我们可以假设一个dp[i]表示到根的距离为i的方案数,那么我们可以发现如果我们有长度为a、b、c的三条边,那么dp[i] = dp[i - a] + dp[i - b] + dp[i - c]。由于长度最多只有100种且最大是100,那么我们就可以用上矩阵快速幂啦!顺便用矩阵快速幂求dp[0]+dp[1]+dp[2]+......+dp[x]就好了。
#include <cstdio>
#include <cstring>
#include <cmath>
#include <map>
#include <iostream>
#include <algorithm>
using namespace std ;
typedef long long LL ;
typedef unsigned long long ULL ;
#define rep( i , a , b ) for ( int i = ( a ) ; i < ( b ) ; ++ i )
#define For( i , a , b ) for ( int i = ( a ) ; i <= ( b ) ; ++ i )

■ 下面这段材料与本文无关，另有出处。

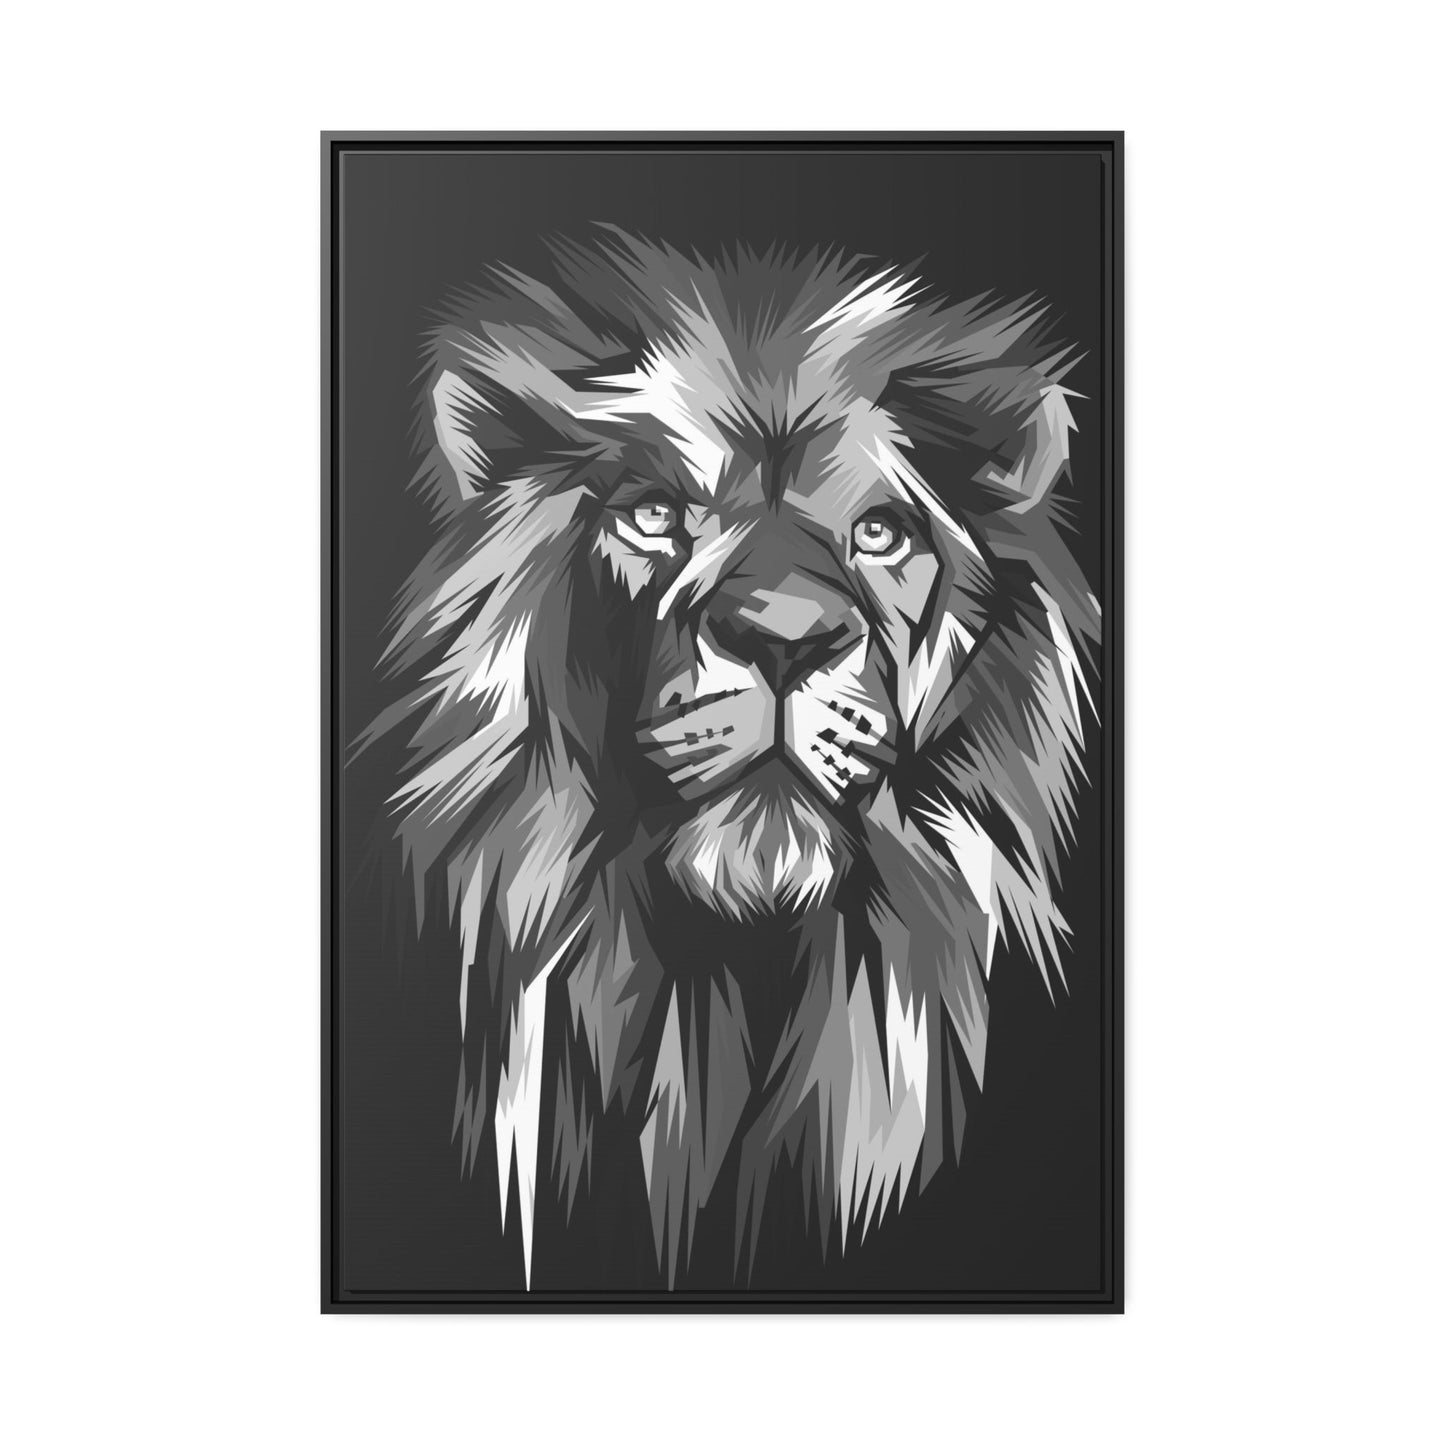 The Lion's Crown: Framed Poster of the King of the Jungle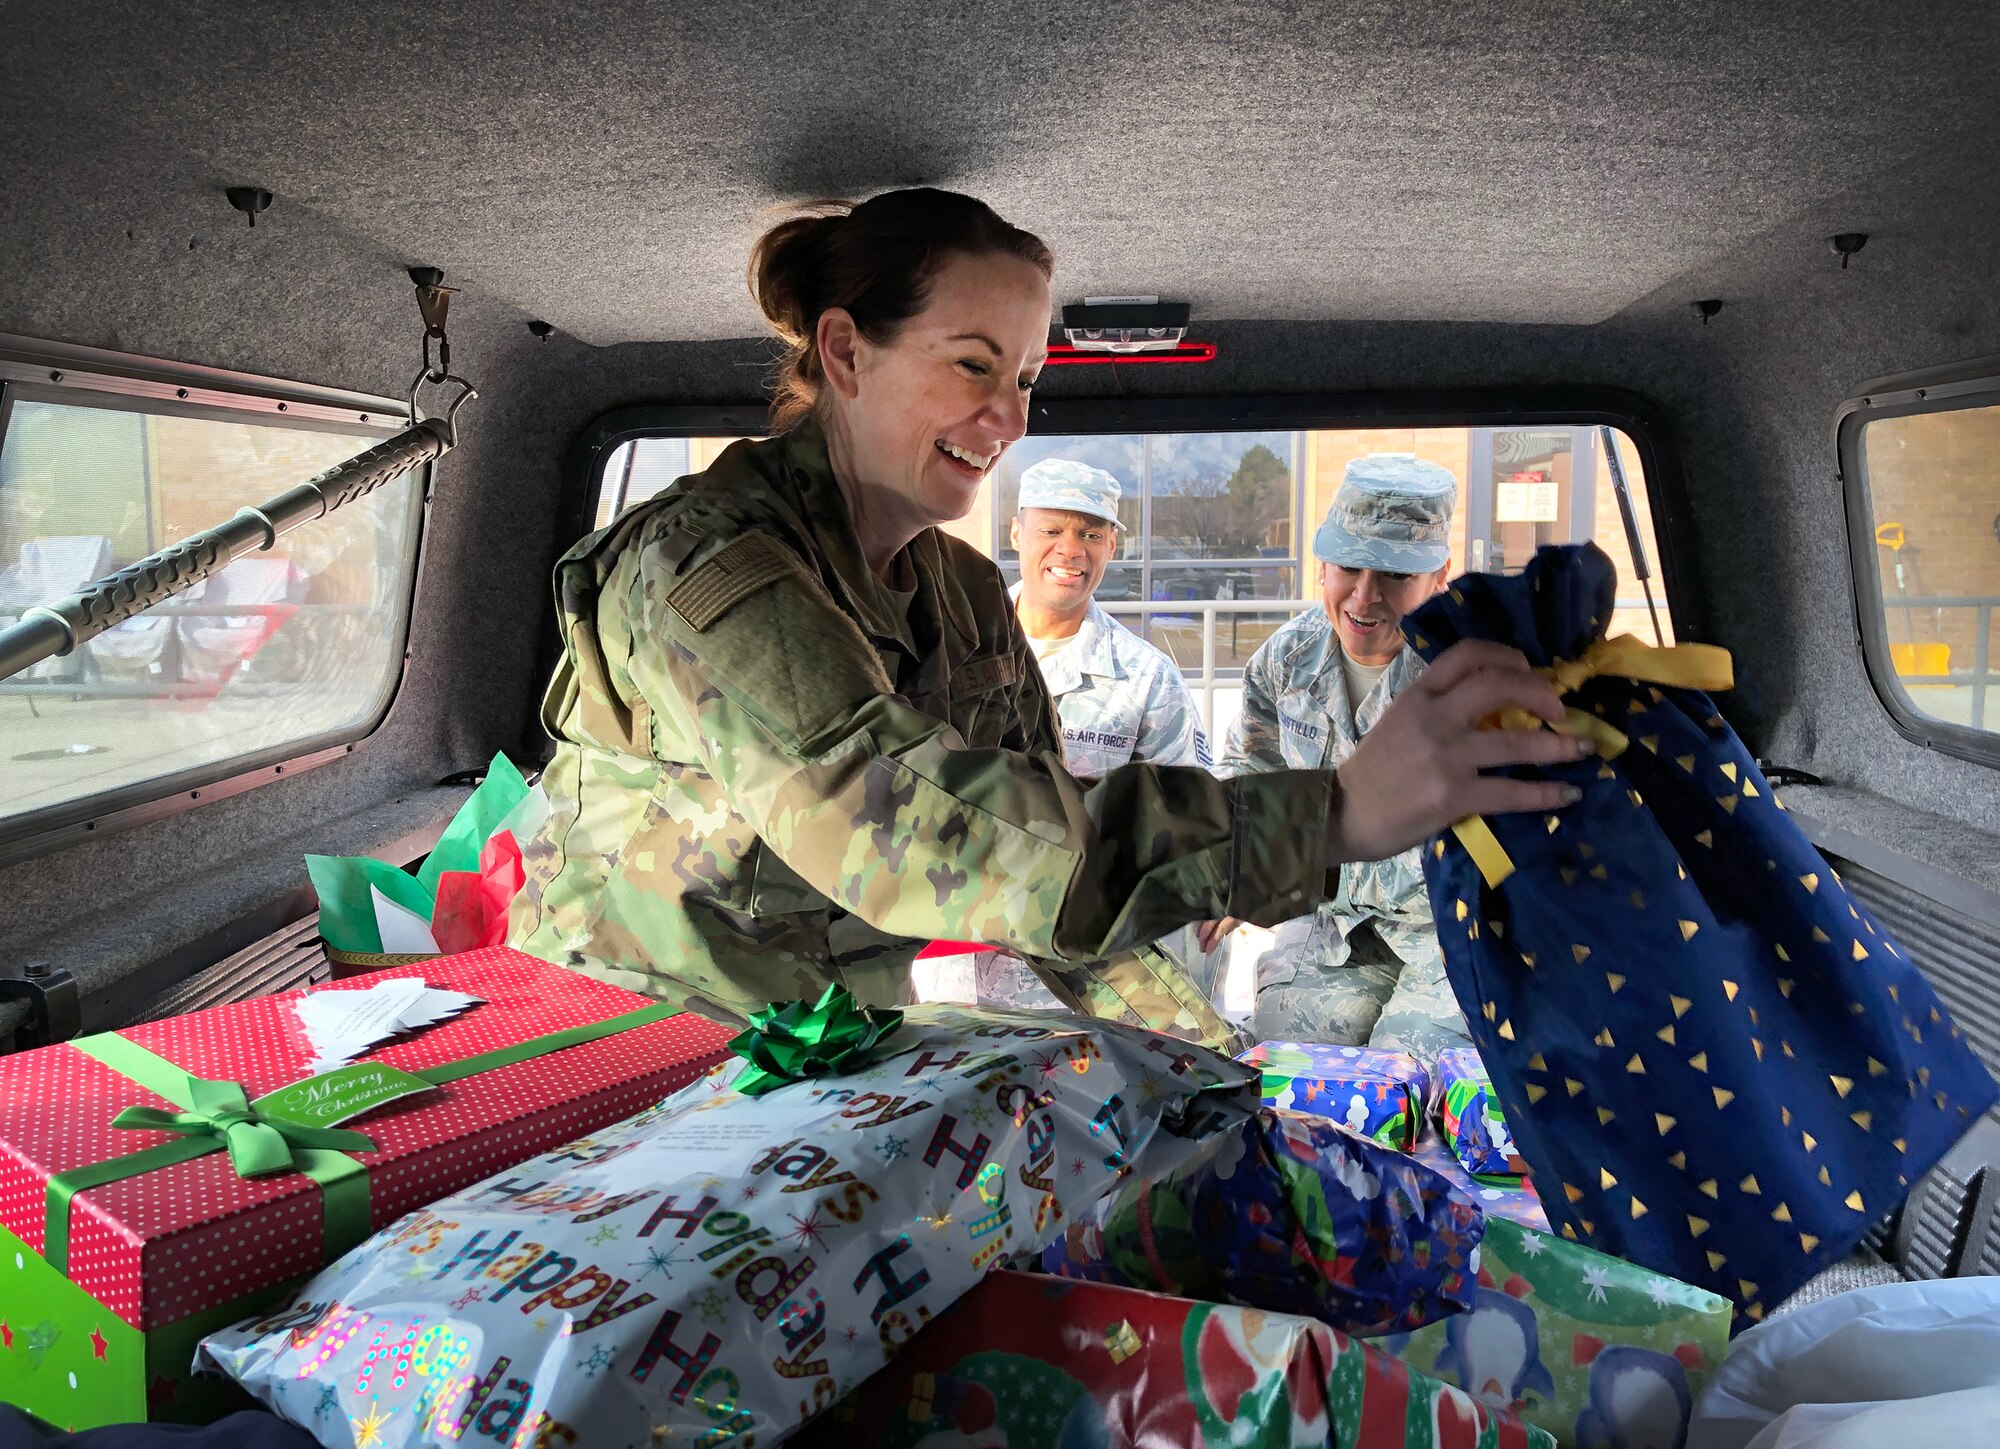 Senior Master Sgt. Michelle Corlett, Tech. Sgt. Marick Myles, and Tech. Sgt. Beryl Castillo, all reservists in the 419th Fighter Wing, load a truck full of toys to be delivered to a local Utah family as part of holiday charity event

#define rev( i , a , b ) for ( int i = ( a ) ; i >= ( b ) ; -- i )
#define clr( a , x ) memset ( a , x , sizeof a )
#define ls ( o << 1 )
#define rs ( o << 1 | 1 )
#define lson ls , l , m
#define rson rs , m + 1 , r
#define root 1 , 1 , n
#define mid ( ( l + r ) >> 1 )
const int MAXN = 105 ;
const int mod = 1000000007 ;
struct Matrix {
int mat[MAXN][MAXN] ;
int n ;
Matrix () {}
Matrix ( int n ) : n ( n ) {
clr ( mat , 0 ) ;
}
void eye () {
rep ( i , 0 , n ) rep ( j , 0 , n ) mat[i][j] = i == j ;
}
Matrix operator * ( const Matrix& b ) const {
Matrix c ( n ) ;
rep ( i , 0 , n ) rep ( j , 0 , n ) rep ( k , 0 , n ) c.mat[i][j] = ( c.mat[i][j] + ( LL ) mat[i][k] * b.mat[k][j] ) % mod ;
return c ;
}
Matrix operator ^ ( int k ) const {
Matrix res ( n ) , tmp = *this ;
res.eye () ;
while ( k ) {
if ( k & 1 ) res = res * tmp ;
tmp = tmp * tmp ;
k >>= 1 ;
}
return res ;
}
} ;
int n , m ;
void solve () {
int x ;
Matrix A ( 101 ) ;
A.mat[0][0] = A.mat[0][1] = 1 ;
while ( n -- ) {
scanf ( "%d" , &x ) ;
++ A.mat[1][x] ;
}
For ( i , 2 , 100 ) A.mat[i][i - 1] = 1 ;
Matrix ans = A ^ ( m + 1 ) ;
printf ( "%d\n" , ans.mat[0][1] ) ;
}
int main () {
while ( ~scanf ( "%d%d" , &n , &m ) ) solve () ;
return 0 ;
}